Similar to Priest-Dorman’s complaint, Mulder argues that there’s “a serious problem of dating” in which the style of the inscriptions cited by Larsson’s drawings doesn’t actually appear for another 500 years. Similarly, she says the Spanish items cited by Larsson — also with Arabic inscriptions — don’t match up in terms of chronology. And very seriously, Mulder believes the inscriptions don’t actually read “Allah.”
Instead the drawing says للله ‘lllah’, which basically makes no sense in Arabic. 16/60 https://t.co/jgodaIhpFp
— Dr. Stephennie Mulder (@stephenniem) October 16, 2017
Arabic phrases like الحَمْد لله al-hamdulillah incorporate ‘l-lah’ but don’t stand alone, and it’s spelled لله with 2 uprights, not 3. 17/60
— Dr. Stephennie Mulder (@stephenniem) October 16, 2017
She says the reason for the Arabic-like writing — if that’s what it is — is that “Arabic [items] were valued by Vikings as social status/capital,” and the literal meaning of the words weren’t important. Lastly, Mulder says Larsson’s interpretation was based on a convenient “extrapolation” of the characters, which in Mulder’s opinion does not qualify as actual evidence. Quoting Priest-Dorman, Mulder says the text was based on “extensions of patterns, not on existing pattern.”

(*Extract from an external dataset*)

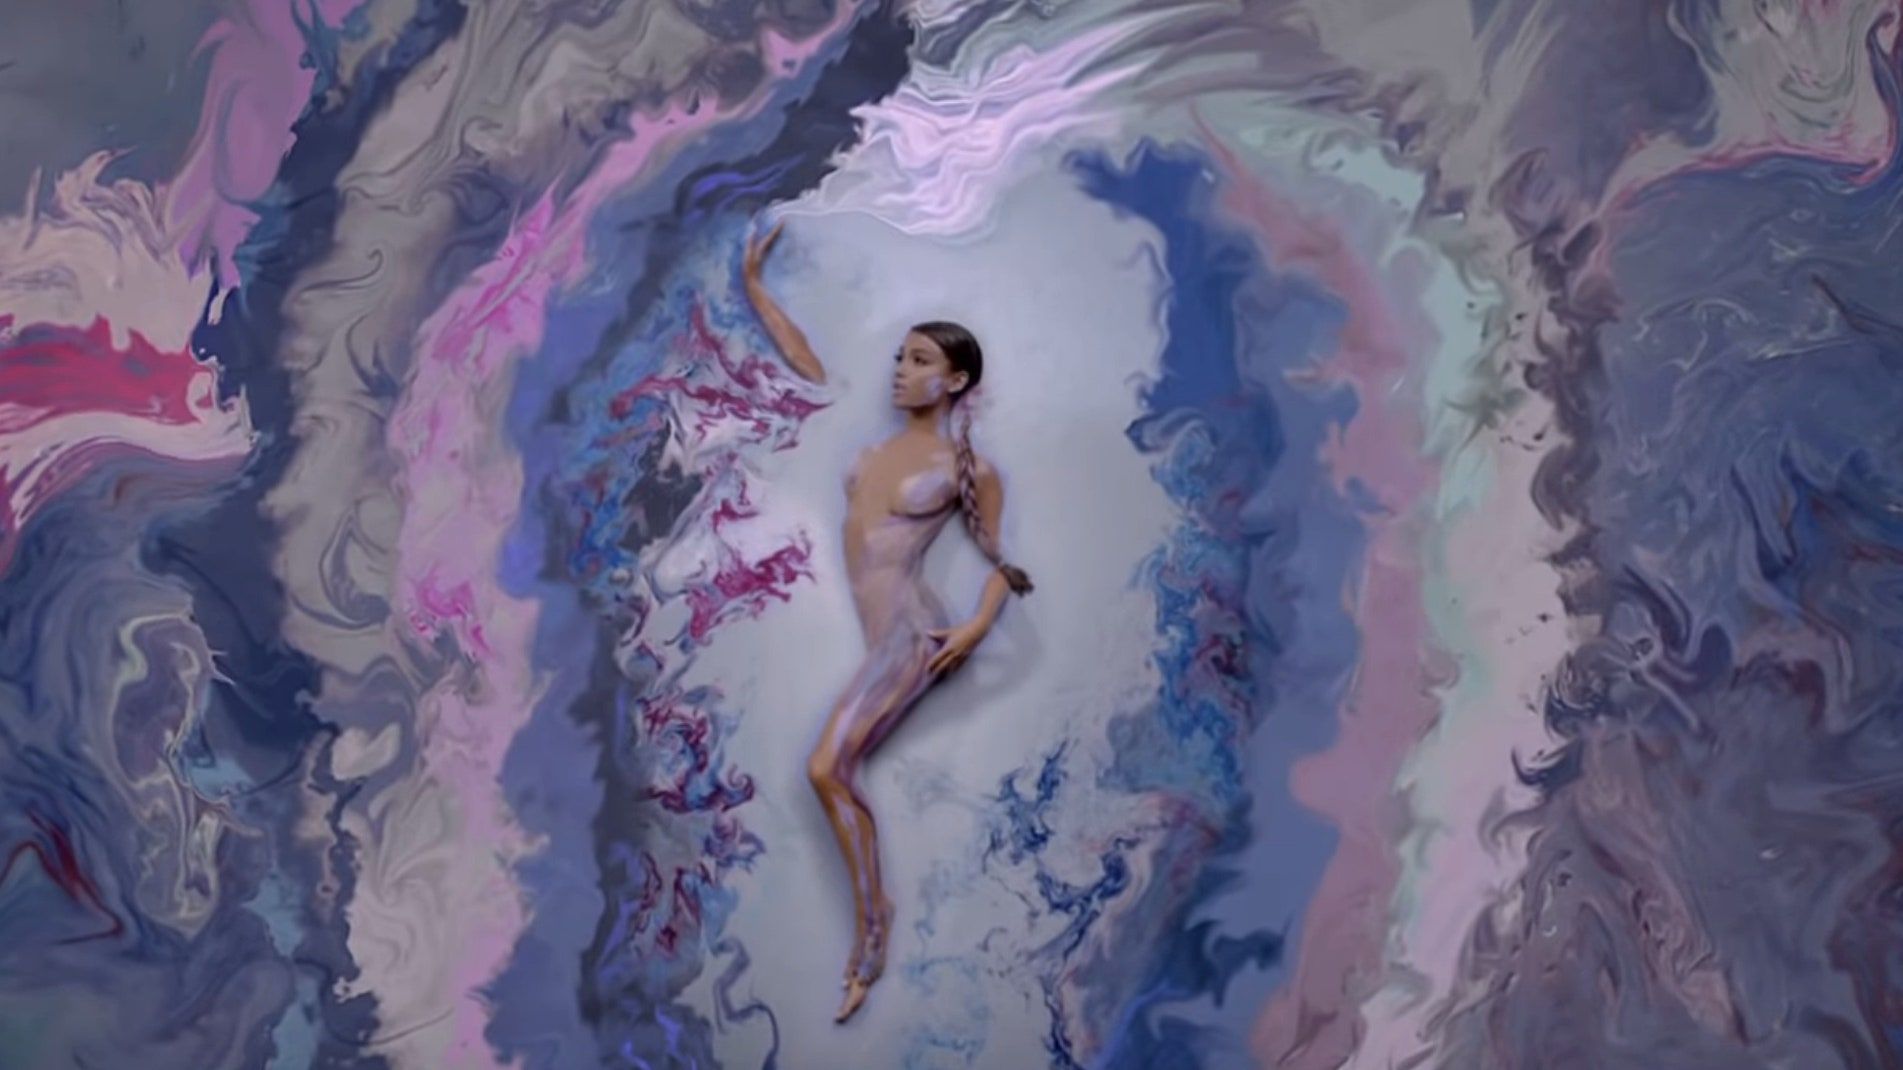 Ariana Grande's 'God Is a Woman' Video Is an Incredible Manifesto

As for the historical implications of the apparent find, there wasn’t anything particularly earth-shattering about Larsson’s claim, Mulder explained in an interview with Gizmodo. We’ve known for a long time that the Vikings had rich interactions with the Islamic world, and this should have been just one more story in that larger saga, she said.

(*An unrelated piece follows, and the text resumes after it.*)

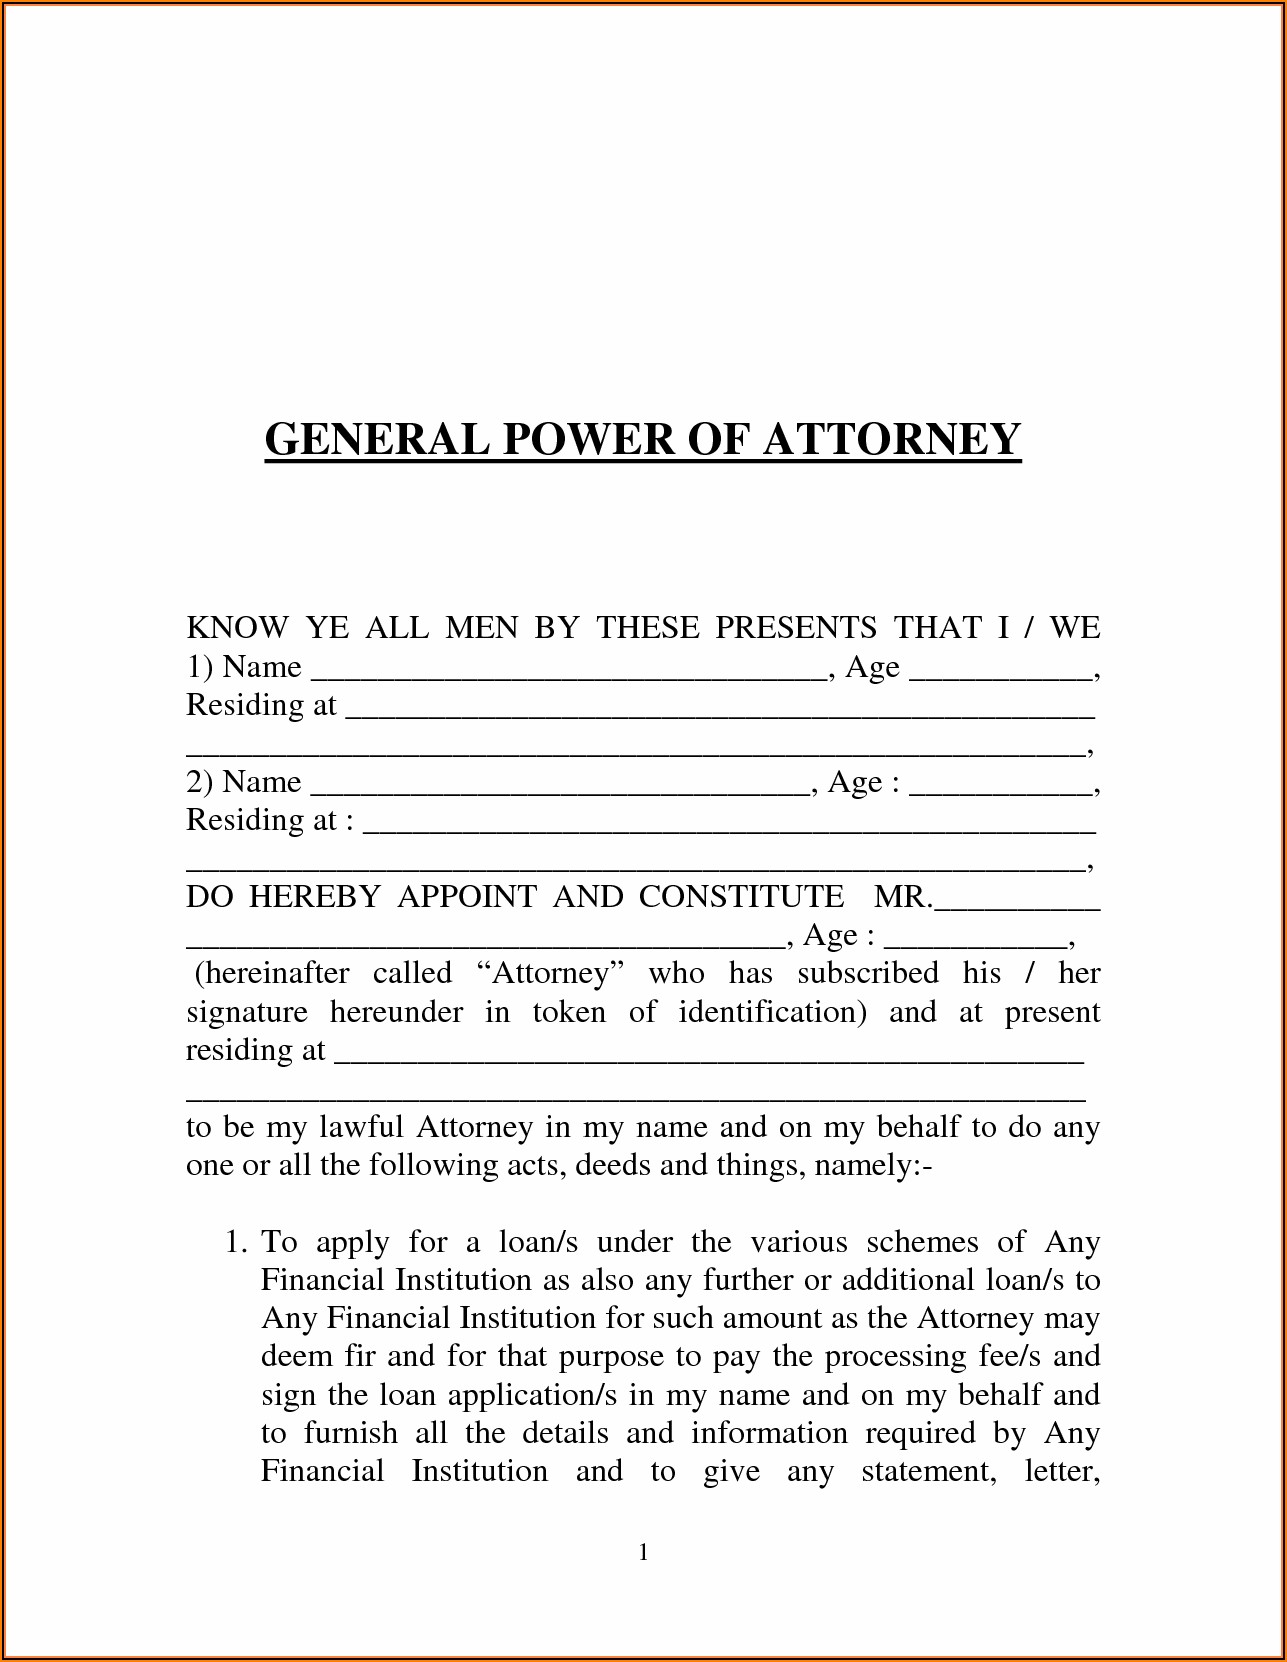 Sample Form Of General Power Of Attorney

In terms of where the media went wrong, Mulder says the press shouldn’t rely on a single scholar’s claim as truth, even when it comes from what appears to be a reputable source.
“This is particularly true for self-reported finds like this one that have not been subjected to peer review,” she said. “Fact check. Call an expert in medieval textiles or Arabic script to confirm. If the research is new, seems to overturn previous points of view, or seems shocking, it should be fact checked even more rigorously.”
Nevertheless, Larsson is standing by her claims.
“The scripts on the ribbons are like secret messages,” she told Gizmodo. “First I thought they were copied by someone who didn’t understand the message. But the patterns in the ribbons are like a puzzle or a rebus to read. I have spoken to Muslims that tell me that even today sometimes you don’t want to say/write/depict…God’s name [clearly], so then you can make it like a puzzle, and even mirror it. I think that is what [the Vikings] have done on these ribbons.”
DNA analysis is being done on the human skeletons found in these graves in hopes of finding more clues as to what the beguiling symbols are all about. Larsson says the whole meaning of research is to open new questions as a way to get new answers.
“Sometimes the new answers do not fit with earlier interpretation,” Larsson told Gizmodo. “This is the whole point with academic research. We all have to accept that perspective and perceptions may change over time or may even differ in different scholars. That’s what make research both important and necessary.”